I didn't take an art subject at GCSE level. I also never finished my National Diploma in Art and Design.
I was accepted to do a Foundation Diploma in Art on the strength of my portfolio (I don't know what the tutor was thinking either, honestly). The Foundation Course allowed me to refine my crude portfolio and ideas, it gave me the points I needed to go forth and get my degree in Fine Art. It allowed me to experiment and not worry about 'niche' or 'personal style'. I had the chance to work with paper, printing, painting, sculpture, and everything in between.
I didn't have to fit myself into a pigeon hole, and I was so glad for that.
Nearly everyone I have ever spoken to, who has come through the arts education system in the UK has had nothing but praise for their Foundation year. It was the year they realised they were on the right path. My Foundation year opened up many doors and I made some life-long friends.
Yet, with cuts to education and the arts being made by the Government, Foundation courses are most at risk. Colleges and Universities are cutting them left, right, and centre. The cuts to Education are restricting what students are getting to learn, with humanities and arts being removed in favour of maths, science, and computing.
Why is this concerning?
Because when you embark on a career in design, or fine art, or any other B.A(Hons) creative subject you are taught process, but more importantly you are taught history, you are taught philosophy. Those on creative courses are encouraged to think and think lots. Arts and humanities foster experiments and ideas beyond what we see in the present.
Those is the arts are creating the new.
Last Thursday #cbloggers chat featured the question :-
Q3: What is one thing you would want to change about the way your creative area is perceived?
and how did most people reply? That they were fed up with design and creative work being seen as 'easy' or that 'anyone could do that'. I've said before, I'm an artist, and I can't design well.
The arts are seen as lesser academically challenging than most other subjects, and this is a dangerous mis-truth. Those of us studying and working in the arts are seen as less intelligent, when in reality we've not been taught to remember, we've been taught to create, and which one of those sounds more challenging?
The cuts to education and the arts and the misconceptions about the academic validity of the arts is concerning. Those in the arts create are culture, and without them things could become very concerning.
The arts are demanding subjects to take, at any level, and no, they don't just include looking at pretty pictures and painting pretty scenes. I know many of my readers are practicing creatives, I don't need to go in to too much detail.
I'm concerned about those currently coming in to the education system though.
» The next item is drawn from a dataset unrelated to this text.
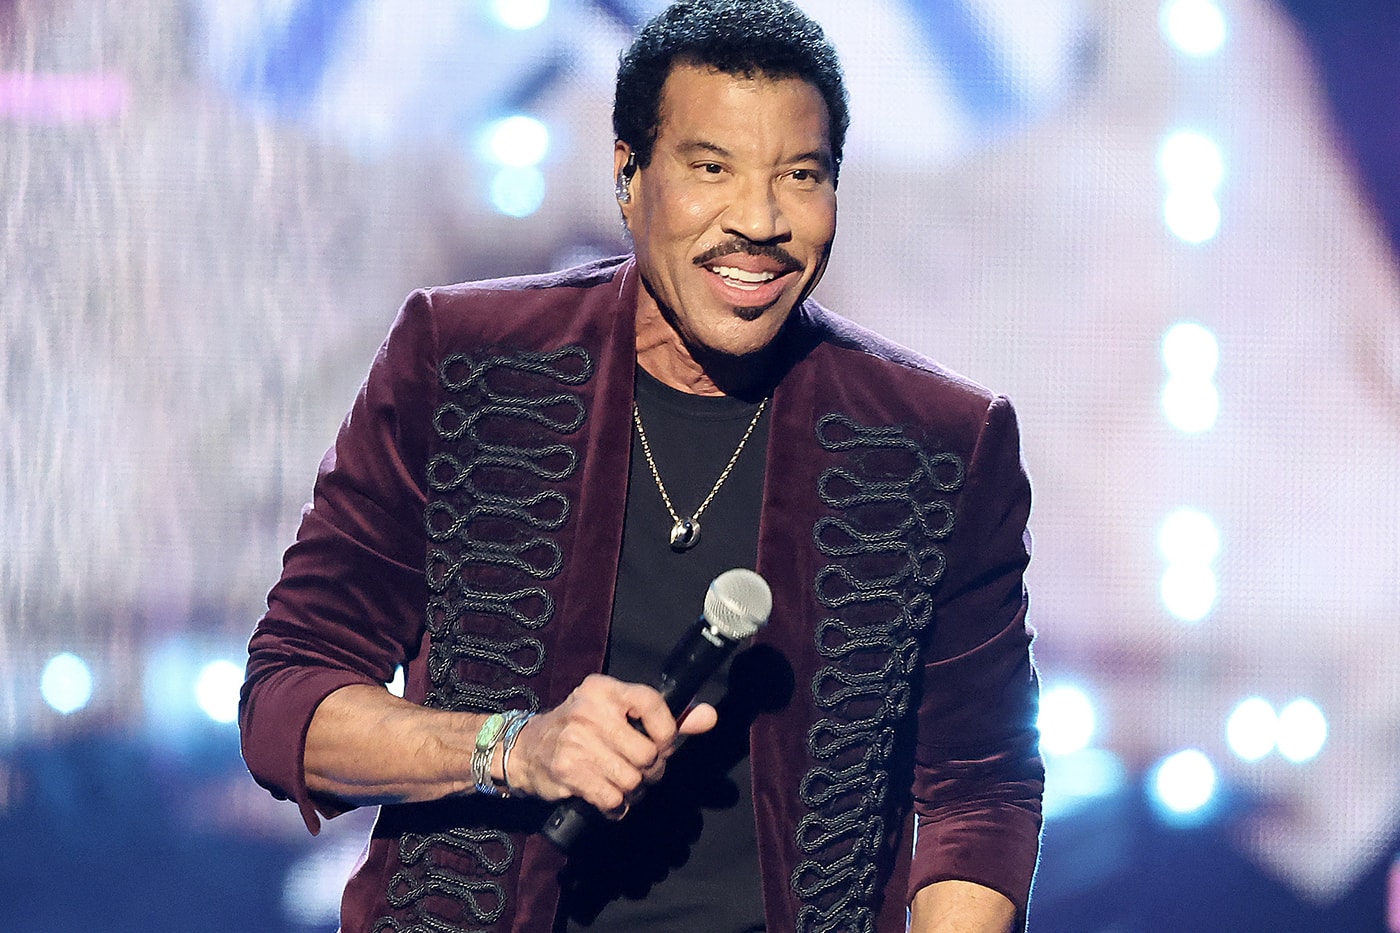 Lionel Richie Earth Wind Fire Sing A Song All Night Long 2023 Tour announcement dates Info

You don't need to be a genius to learn how to analyse a painting or piece of poetry. The arts should never be just for the elite, but these ideas slip in to practice and it's scary.
I read an article a few months a go, it said that many of the arts interns in London were from the middle and upper classes; because those young adults had parents paying for their homes and food, and paying for them to do the internship in the first place.
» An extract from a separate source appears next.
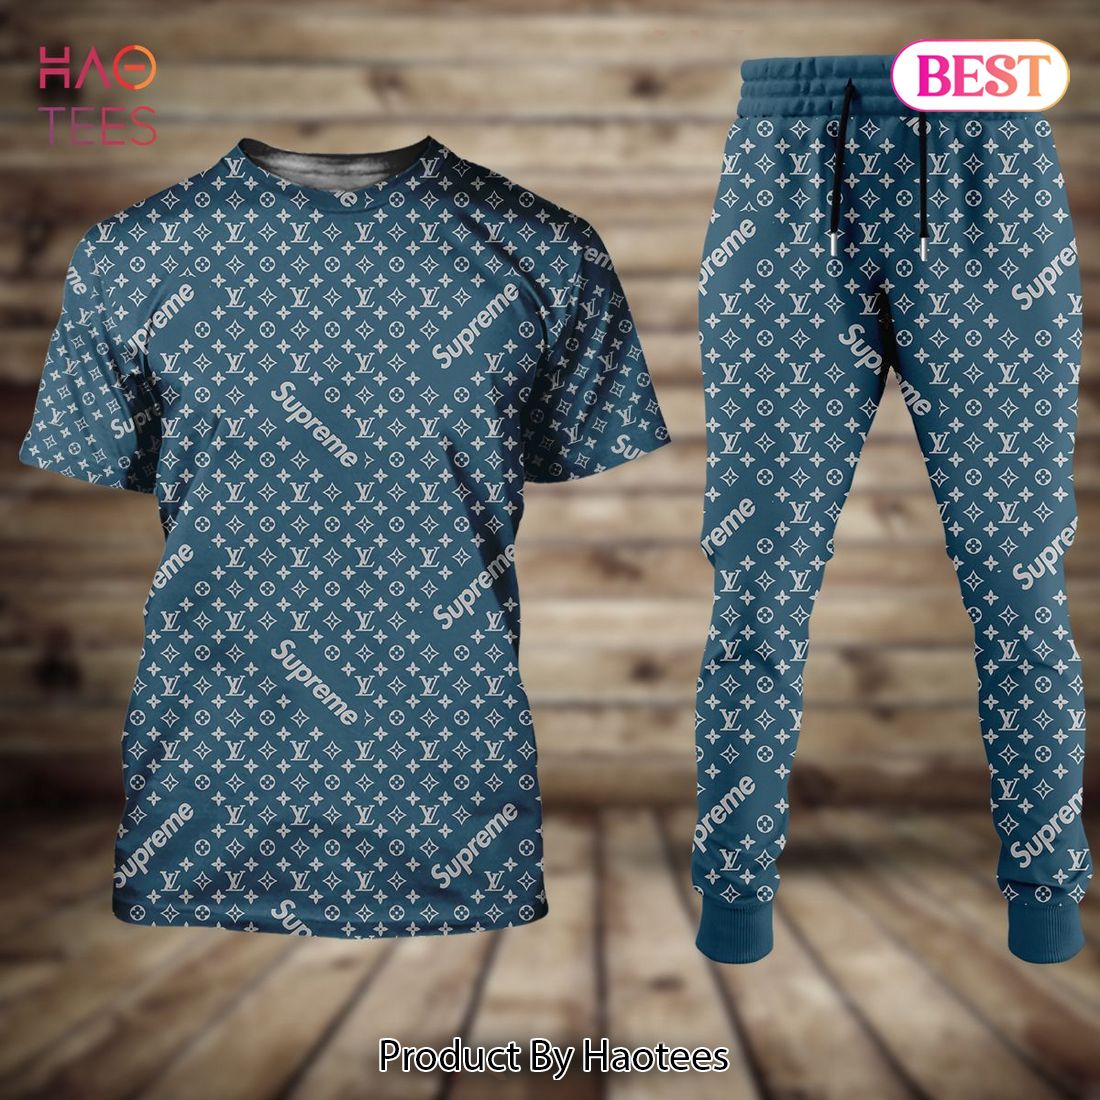 NEW Louis Vuitton Full Blue Color Luxury Brand T-Shirt And Pants POD Design

Since when did we have to pay to work for free?
Foundation courses and arts and culture are important. How many people visit the UK for our culture? Even if they just hang out in the capital (which is becoming less and less representative of the UK as a whole), they are coming to experience our varied arts, music, architecture, history, our culture. A dip in tourism is going to effect our economy.
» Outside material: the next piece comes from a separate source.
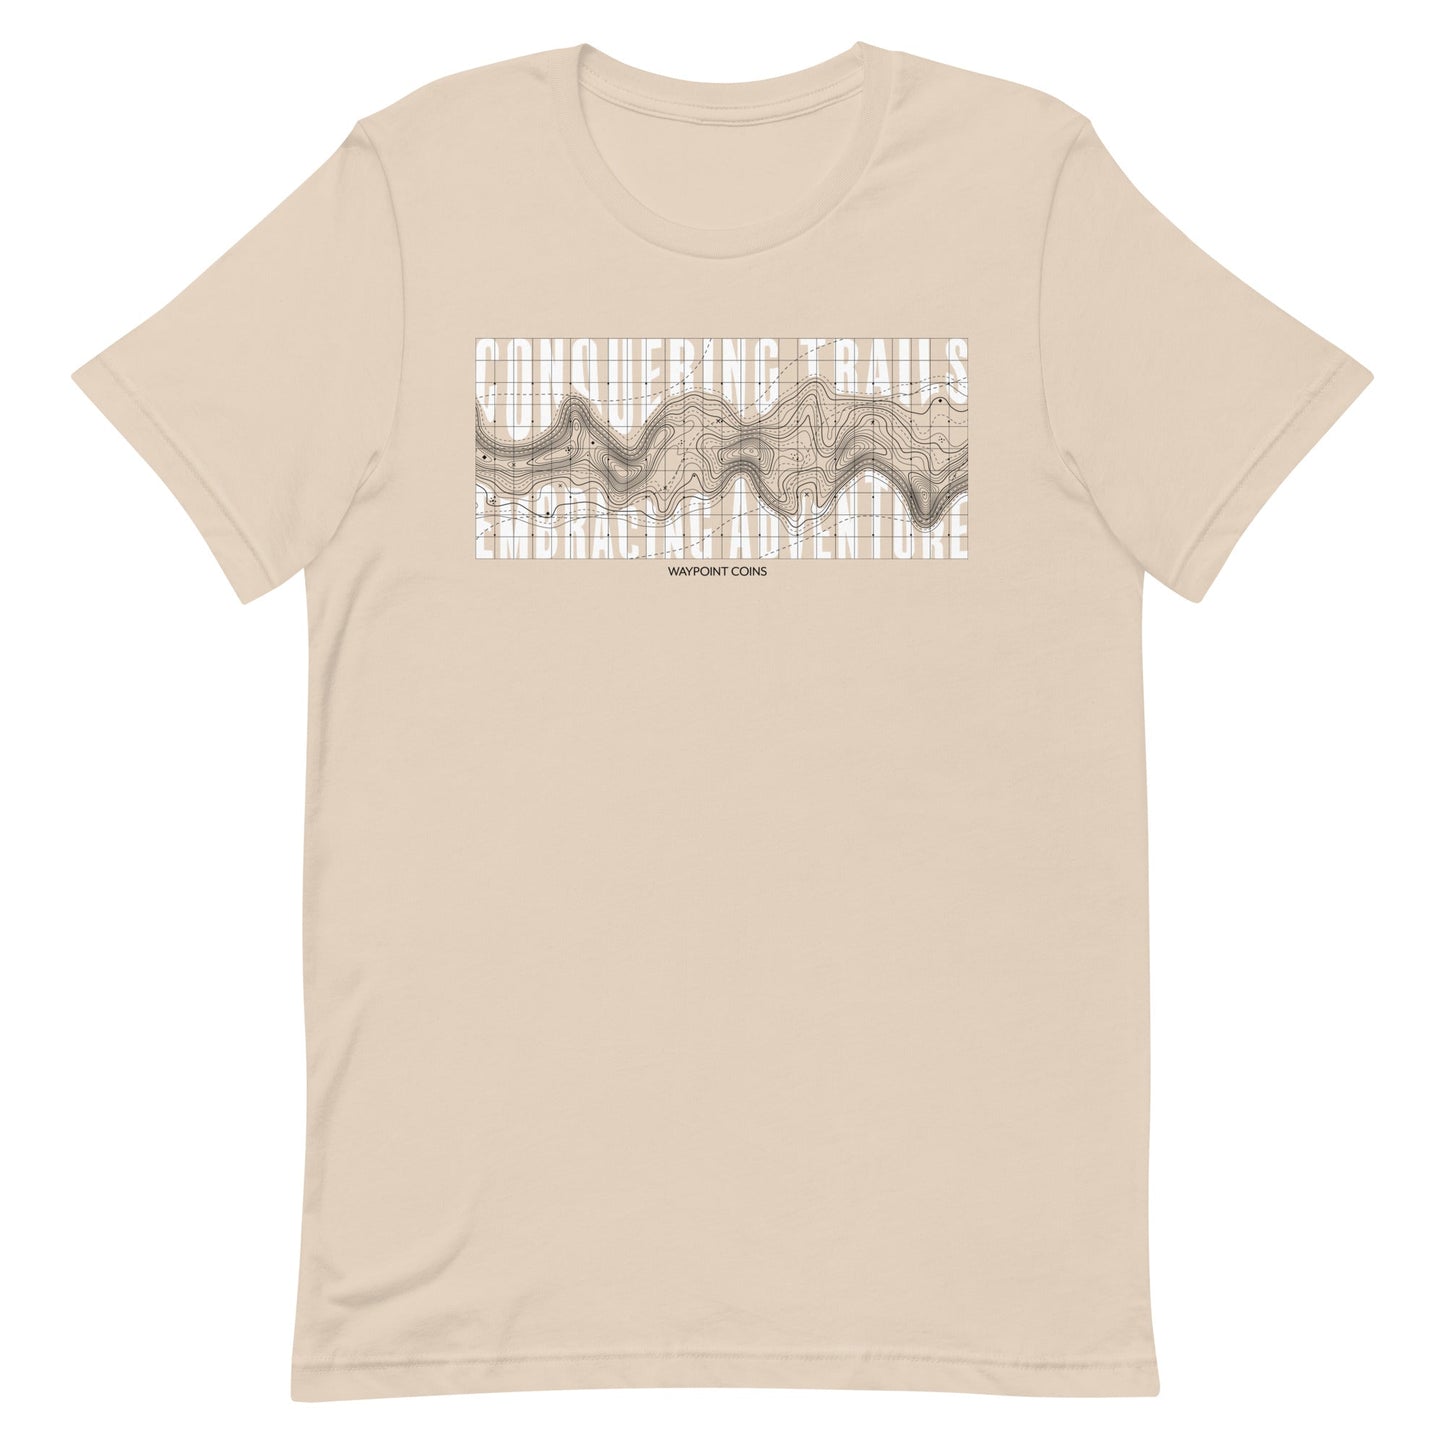 Conquering Trails Tee

They have the same ethos that I've always had, that the arts are important and creation is important.
This week I'm not giving you a list of interesting things to read, this week I'm asking if you too can support the arts. I'm asking that you think about all the chances you've had to be artistic and creative and contemplate that you've been privileged to do so, especially at a time when there are more and more barriers occurring for those younger than us.
Arts Emergency haven't paid me, they didn't even ask me. I just think we need more people like that.